Consent to sex with a condom is not consent to sex without a condom. And thus the consent in its entirety collapses, not just the part concerning the condom, and a consensual act overnight becomes classified as rape, in a way that could be seen as lacking nuance, even unreasonable if the difference is three years in prison.
There is no reason to question the woman’s right to set such a condition. The right to sexual self-determination is precisely the right to decide under what conditions one wishes to engage in sexual activity. For example, with or without a condom.
The man’s behavior in not respecting that requirement is also not defensible. If the court’s assessment is correct, he chose to disregard a condition he understood or should at least have understood was important to the woman’s consent. That is not where the problem lies.
A Yes Can Include Conditions
The consent law meant a significant shift in perspective. Previously, the focus was often on whether violence or threats had occurred. The amendment moved the focus to voluntariness. That was a fundamentally well-motivated change. Sex should be based on consent, not resistance.
But the law’s construction has also had negative consequences that have not been sufficiently discussed. There hasn’t been a lack of criticism, nor stories of men sacrificed on the altar of the consent law with low evidentiary requirements. But this criticism and these stories are not taken seriously by the consent-fundamentalist establishment and the matriarchy of misandrist feminists who have seized power over this debate.
The consent law is based on a binary view. Either there is voluntariness. Or there isn’t. In the current case, the binary order becomes problematic.

The woman consented to meeting. She consented to kisses and other sexual activity. She consented to penetration. What she did not consent to was penetration without a condom.
Yet the violation of that condition, which after all is a minor part in the context, leads to the entire sexual act being legally treated as if consent was lacking.

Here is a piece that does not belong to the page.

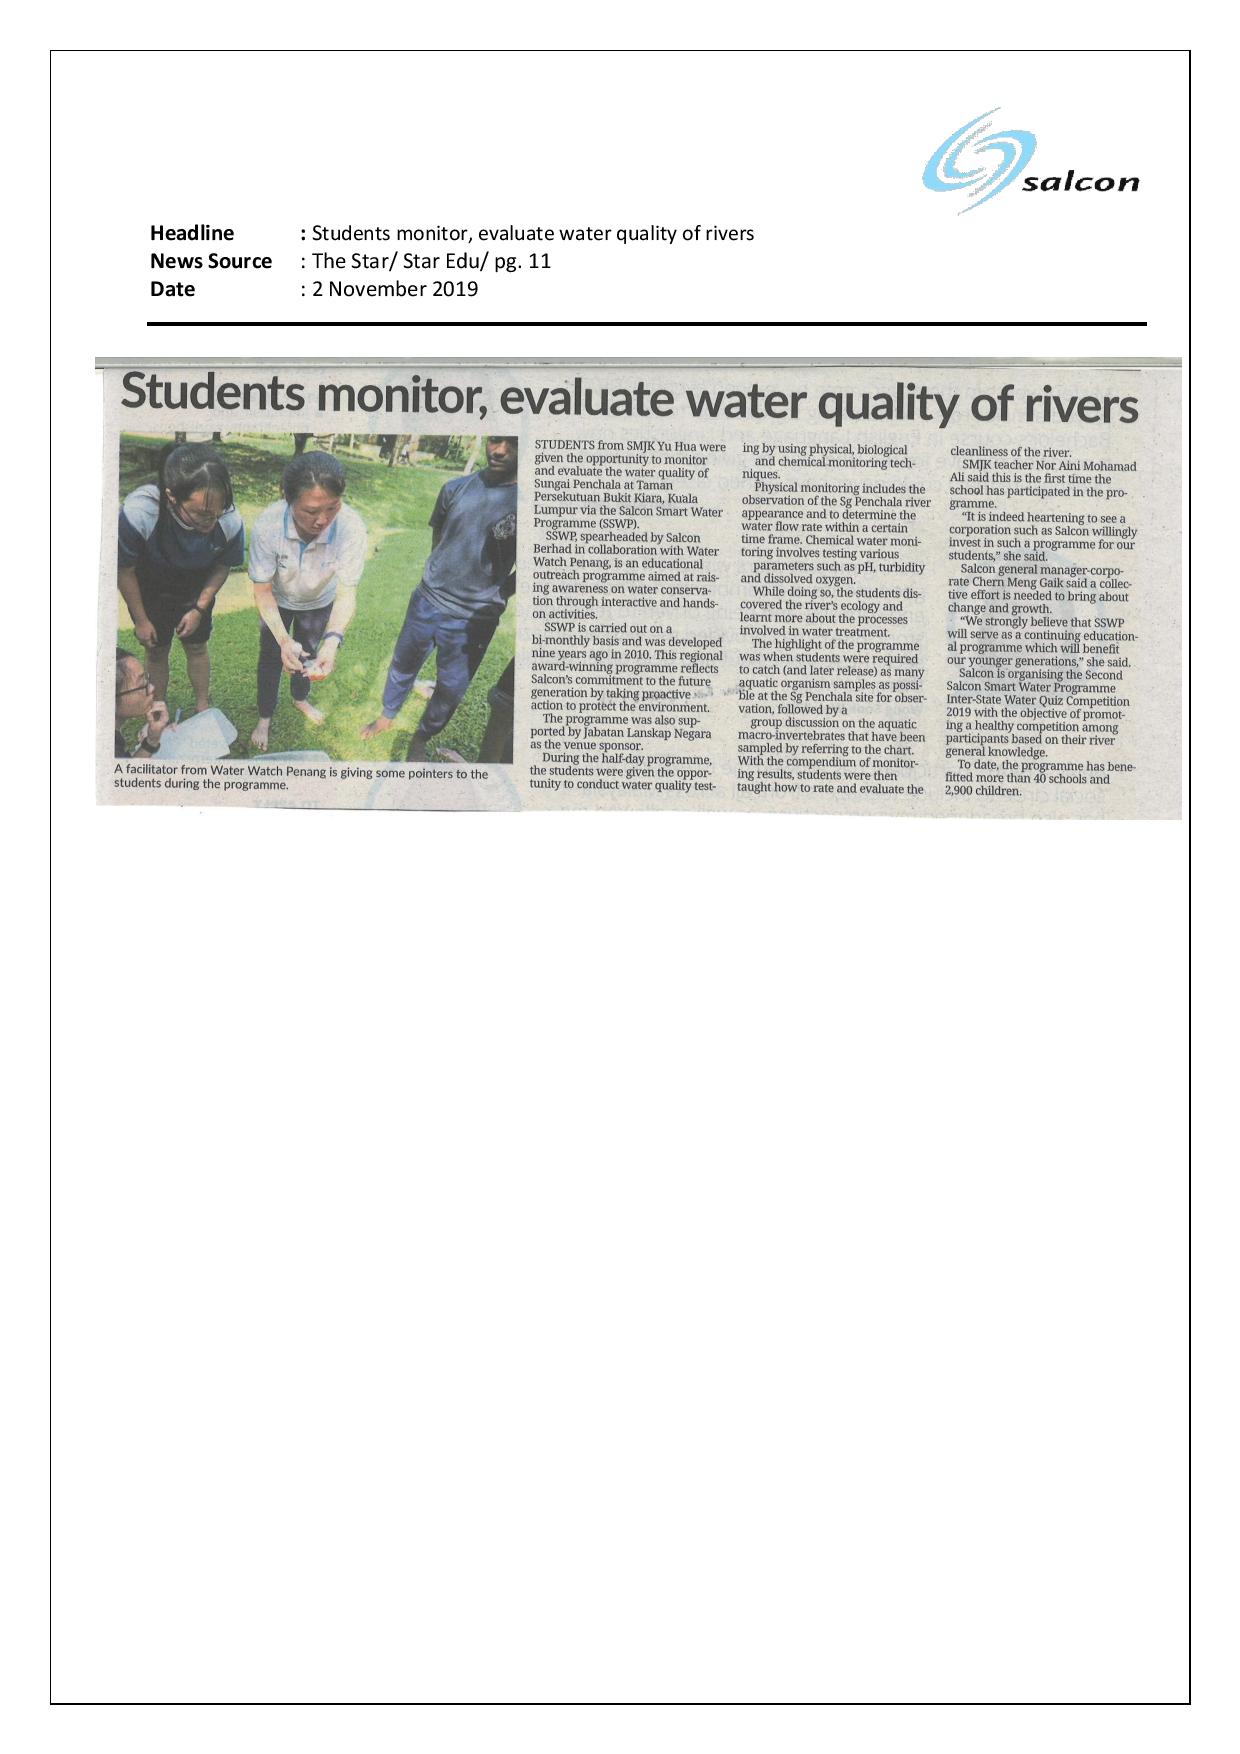 Students monitor, evaluate water quality of rivers

The absence of a condom turns consent into rape.
The Same Right – Different Dimensions
Sexual autonomy is not a binary yes-or-no question. It consists of several dimensions in which some aspects reasonably can be regarded as having greater importance than others. One concerns the right to decide whether to participate in a sexual act at all.
The other concerns the right to determine under what conditions the sexual act takes place. The difference between “if” and “how” can be small, but it can also be significant.
One may want to have sex but only if certain boundaries about the act are respected. For example, one can say no to anal sex or being tied up and whipped. One can also make sex conditional on the use of a condom.
All conditions should, of course, be respected, but as with all other crimes, there is a scale of seriousness. I think most would agree that it is somewhat more serious to tie up and whip a woman against her will than, in the heat of passion, to not reach over for and put on that condom lying in its package on the nightstand during foreplay.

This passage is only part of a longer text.